Sunday, November 10, 2019

Academic groupthink on paradigm shifts

Novelist Eugene Linden writes in a NY Times op-ed:
How Scientists Got Climate Change So Wrong ...

The word “upended” does not do justice to the revolution in climate science wrought by the discovery of sudden climate change. The realization that the global climate can swing between warm and cold periods in a matter of decades or even less came as a profound shock to scientists who thought those shifts took hundreds if not thousands of years. ...

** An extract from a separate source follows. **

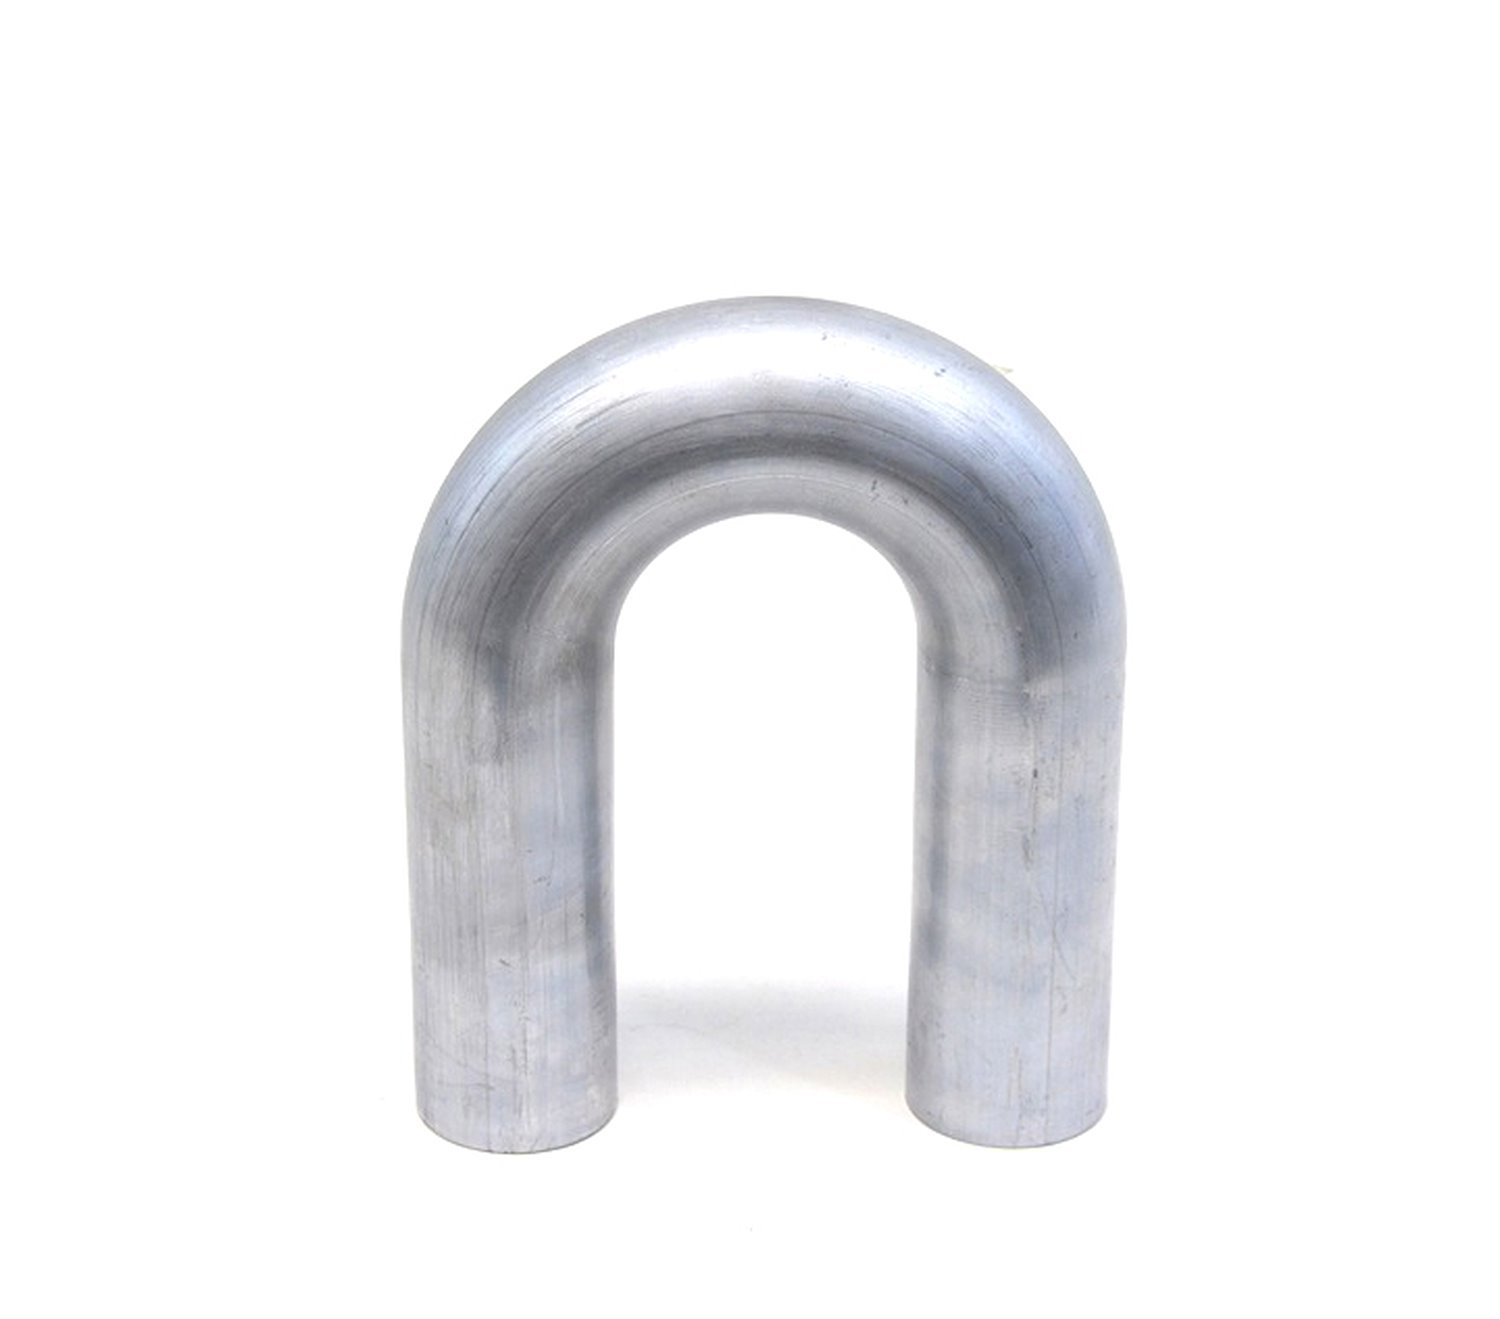 AT180-312-CLR-5 Aluminum Elbow Tube, 6061 Aluminum, 180-Degree U Bend Elbow Tubing, 3-1/8 in. OD, Tight Radius, 5 in. CLR

In 2002, the National Academies acknowledged the reality of rapid climate change in a report, “Abrupt Climate Change: Inevitable Surprises,” which described the new consensus as a “paradigm shift.” This was a reversal of its 1975 report.
I wonder if he even realizes what these terms means. A scientific revolution or paradigm shift was famously described by Thomas Kuhn as a change in thinking that is incommensurable with previous theories. That is, there is no data to say whether the new thinking is any better or worse than the old. Kuhn described scientists jumping to the new paradigm like a big fad, and not really based on any scientific analysis.

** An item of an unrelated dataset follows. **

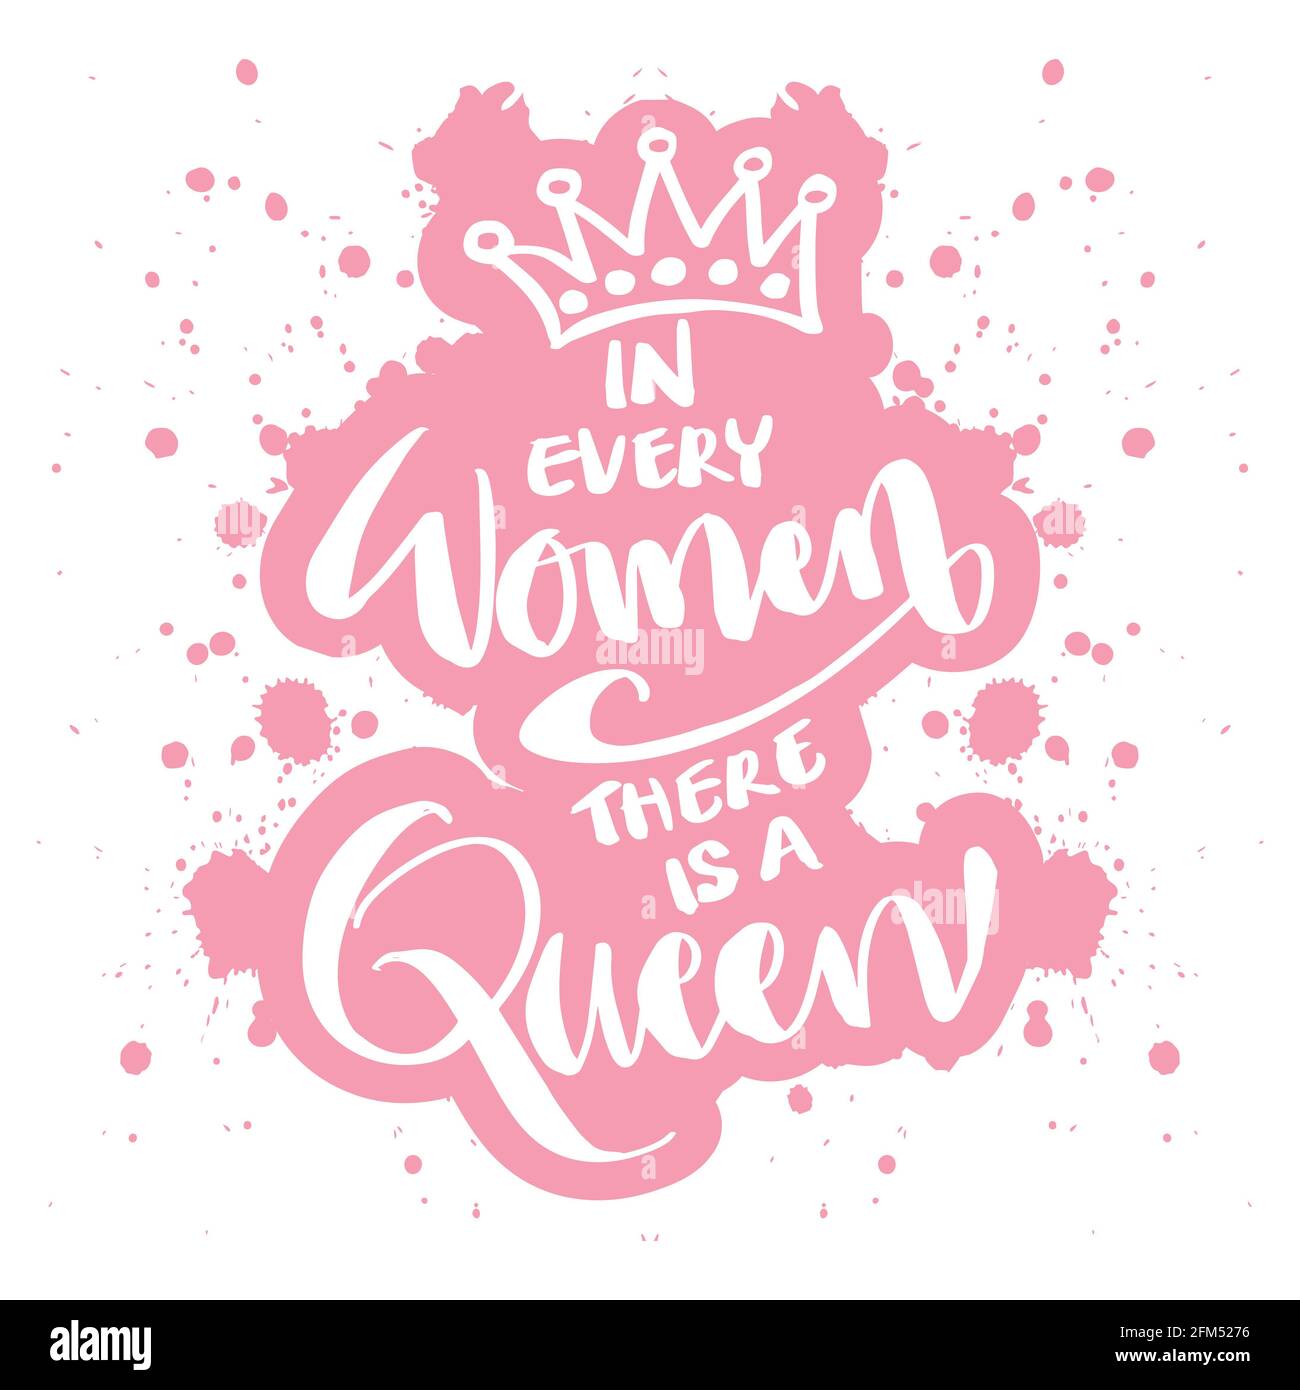 In ogni donna c'è una regina. Scritte a mano. Citazione motivazionale. Foto Stock

Of course it is all Donald Trump's fault:
computer modeling in 2016 indicated that its disintegration in concert with other melting could raise sea levels up to six feet by 2100, about twice the increase described as a possible worst-case scenario just three years earlier.
Computer models change that much in 3 years? That says more about the instability of the models than anything else.

If the Trump administration has its way, even the revised worst-case scenarios may turn out to be too rosy. ... But the Trump administration has made its posture toward climate change abundantly clear: Bring it on!
Trump is one of the most pro-science presidents we have ever had. Even tho he is widely hated in academia, we hardly ever hear any criticisms of how he has funded scientific work.

Trump has also over-funded quantum computing, and yet Scott Aaronson posts a rant against him. Everyone is entitled to his opinion, of course, but it seems clear to me that academia is dominated by a groupthink mentality that makes their opinions on climate or presidential politics useless.

1 comment:

  1. Hey, Roger, *this* is a pretty *neat* post, OK?

    Just dropping, by and by.

    Best,

    --Ajit
    [PS: OK. Replace "pretty" by "very". ... How does it matter?]